The reduction of drive power due to acoustic resonance was demonstrated in a collinear CaMoO\(_4\) AOTF. Operating the filter at the peak of the acoustic resonance, a reduction in drive power of 22 dB was achieved.

Acoustic resonance enhancement was also demonstrated using a noncollinear TeO\(_2\) AOTF operated in the infrared region of 2 to 5 \(\mu\)m. About nine resonant modes were observed within one filter passband. Due to the relatively high acoustic attenuation in TeO\(_2\), a power reduction factor of 16 was obtained.

**Out-of-Band Rejection and Sidelobe Suppression**

The ability of spectral discrimination is determined by the ratio of peak transmission and out-of-band rejection of the AOTF. The out-of-band rejection for an AOTF is determined by two factors.

Overall out-of-band rejection is determined by the contrast ratio; i. e., the fraction of undiffracted light leakage through crossed polarizers.

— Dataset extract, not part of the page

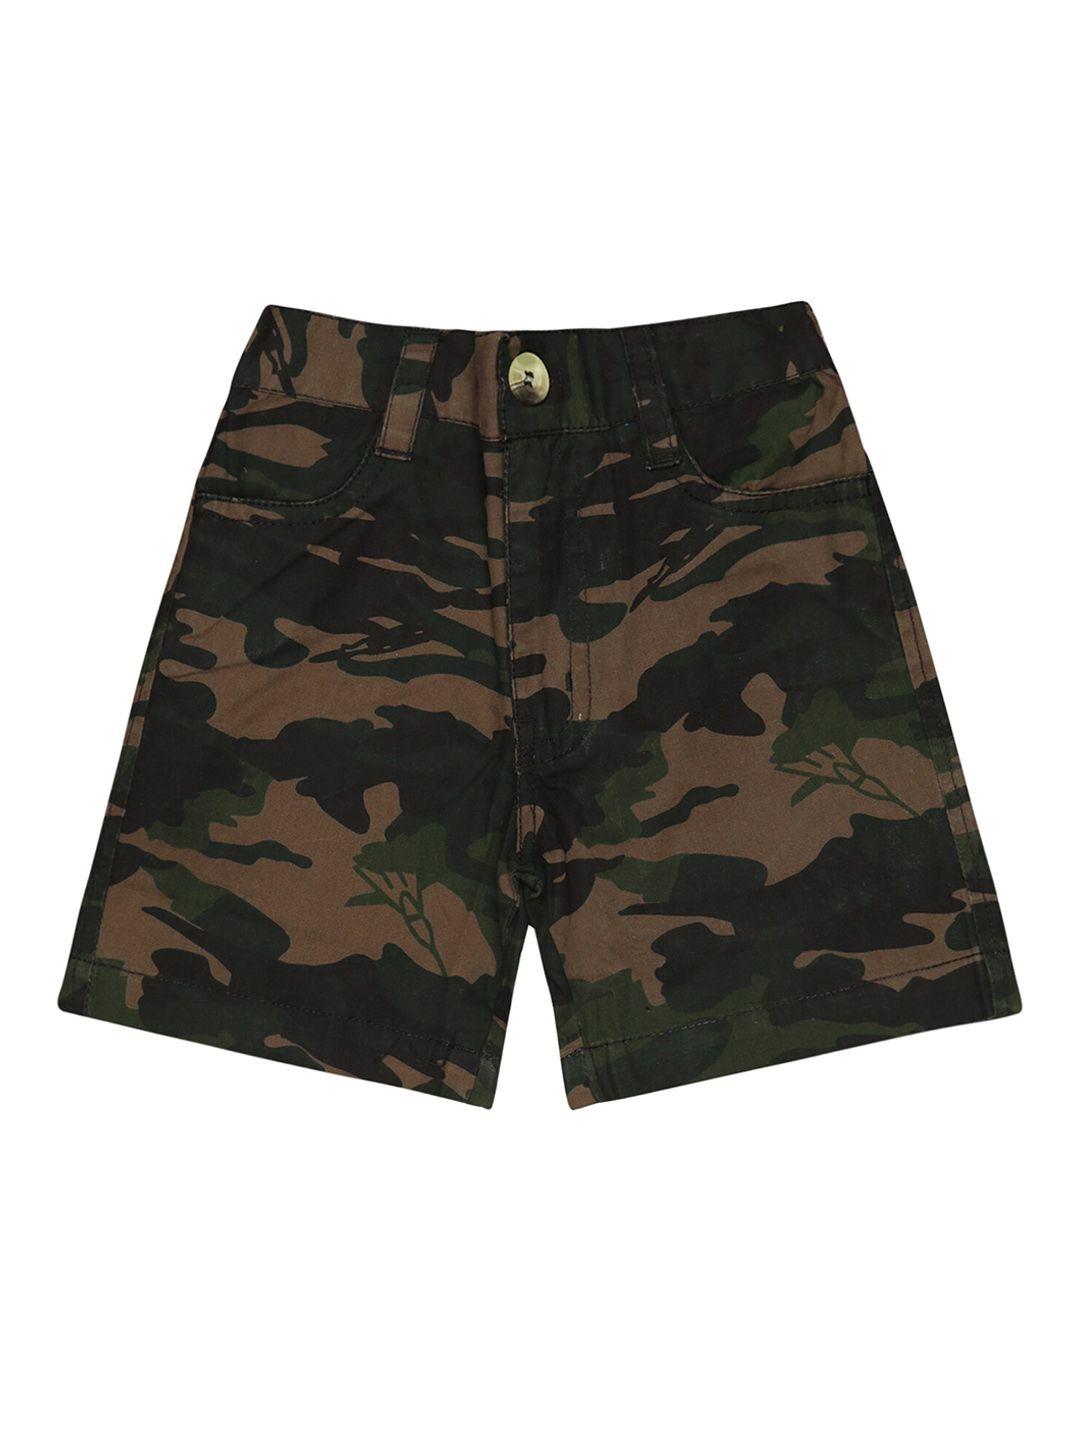 bodycare kids boys camouflage printed shorts

In practice the contrast can also be limited by residual strain of the filter medium. A large contrast ratio is obtainable in the noncollinear AOTF, where the incident and dif fracted light are spatially separated.

Near the filter band, out-of-band rejection is determined by the sidelobe structure of the filter passband response. The AOTF bandpass response is proportional to the power spectra of the acoustic field. For uniform acoustic excitation, the AOTF exhibits a sinc\(^2\)-type bandpass characteristic with the nearest sidelobe about 13 dB below the main lob .

Suppression of the high sidelobes can be obtained by techniques of amplitude apodization. In the collinear AOTF, an acoustic pulse apodized in time is launched into the filter medium. By utilizing a triangular window, the first sidelobe was reduced by \(-22\) dB with a collinear quartz AOTF.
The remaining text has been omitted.